I can just picture the internal YouTube meetings:
Manager: “We’re not getting enough engagement on Shorts.”
Developer: “Maybe our audience doesn’t like them?”
Manager: “I’ve got an idea! Let’s force Shorts onto everyone’s homepage for a week or two each time!”
Then, later, they celebrate like they’ve invented the internet.
Is this really how it’s supposed to work? Why else are companies shoving features down our throats we clearly don’t want? Is there no better way than to just keep throwing stuff at us and hoping we’ll stick around long enough to click “Hide This Annoying Feature” again?
🤔 What’s the deal with this endless pushing of features we hate? Are they just ignoring user feedback entirely, or is there some secret strategy I’m not seeing?
killeronthecorner@lemmy.world 1 day ago
You’re assuming that these approaches don’t work. As someone who has worked on shitty growth engineering projects for many years, I can tell you they do work very, very well.

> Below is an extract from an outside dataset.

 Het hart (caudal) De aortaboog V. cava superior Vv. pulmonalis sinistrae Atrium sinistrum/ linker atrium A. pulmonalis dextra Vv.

I hear people say the same about ads: “why show ads when everyone hates them!”. They fucking work. Big biz doesn’t care about love or hate, it cares about profits.

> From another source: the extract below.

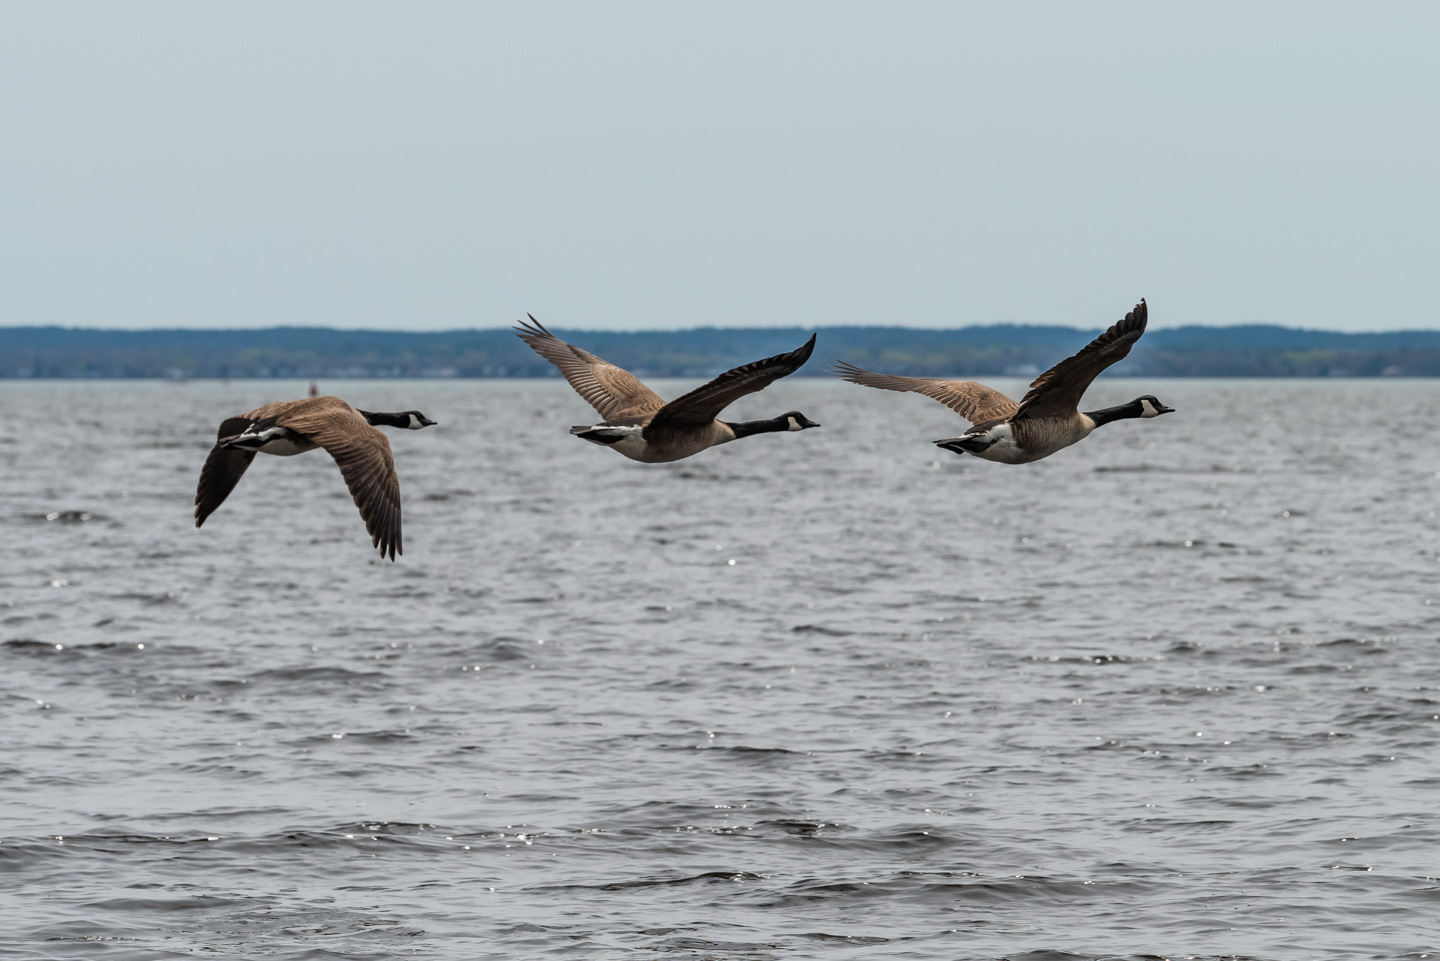 Three Canada Geese in flight

FauxLiving@lemmy.world 23 hours ago
It’s the power of defaults.
1 person will hate the change but 100 others will be affected by the default and not care. The net result is more as revenue even if the first user cancels their account.

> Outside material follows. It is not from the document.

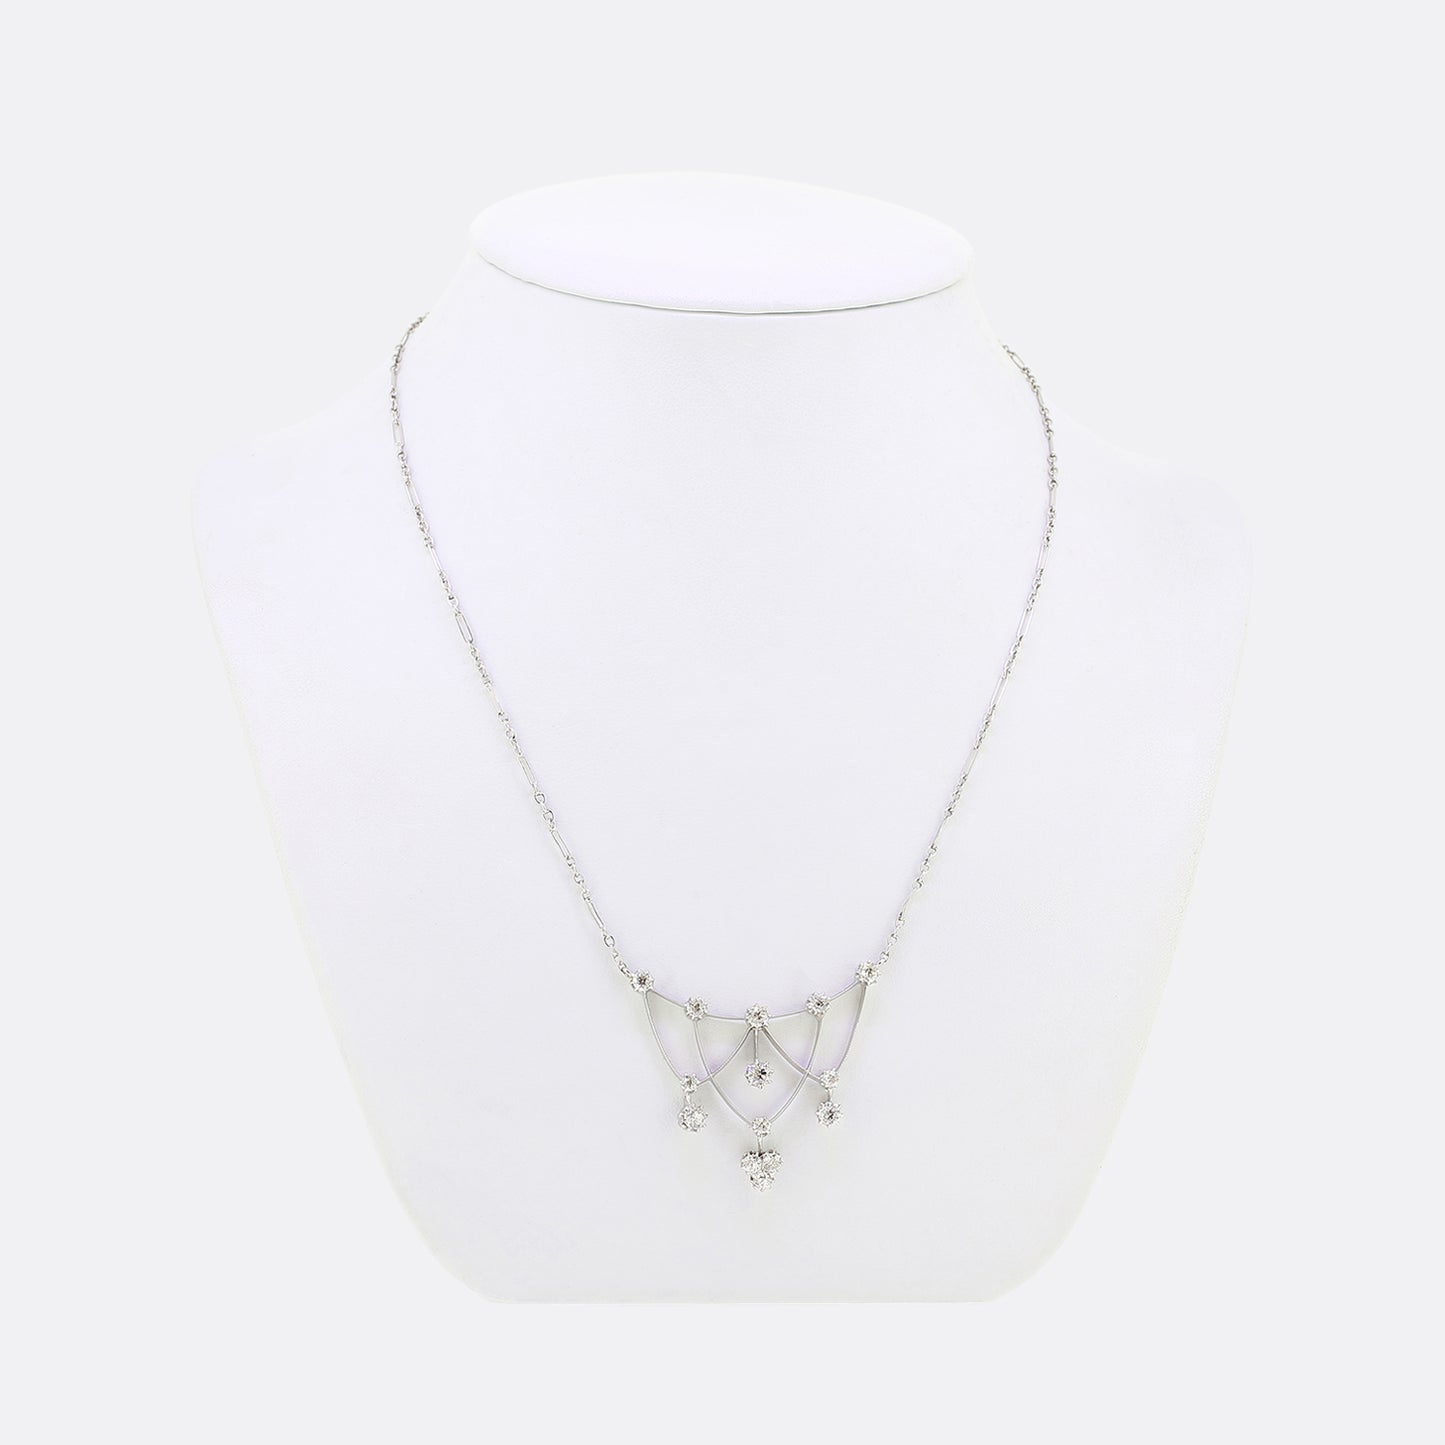 Antique Old Cut Diamond Pendant Necklace

killeronthecorner@lemmy.world 23 hours ago
Bingo. Everyone thinks it’s about retention but it’s not. Lifetime value of a user is a much more complicated than it was ten years ago when Silicon Valley was joking about DAU and such.
If you ever want to fuck your LTV for a company, just phone their customer services a few time and make sure you waste as much time as possible. Your value as a user will drop significantly as you plummet into negative value
dwemthy@lemmy.world 19 hours ago
Yep. “We want more people to watch Shorts” -> A/B test cramming more into the home screen -> “More people watched Shorts with X change, roll it out to everyone” -> “What’s the next idea to get more people to watch Shorts?”
Someone gets the idea that more views on Shorts is what they need and start optimizing for it. On and on until another metric becomes more important and they optimize for that.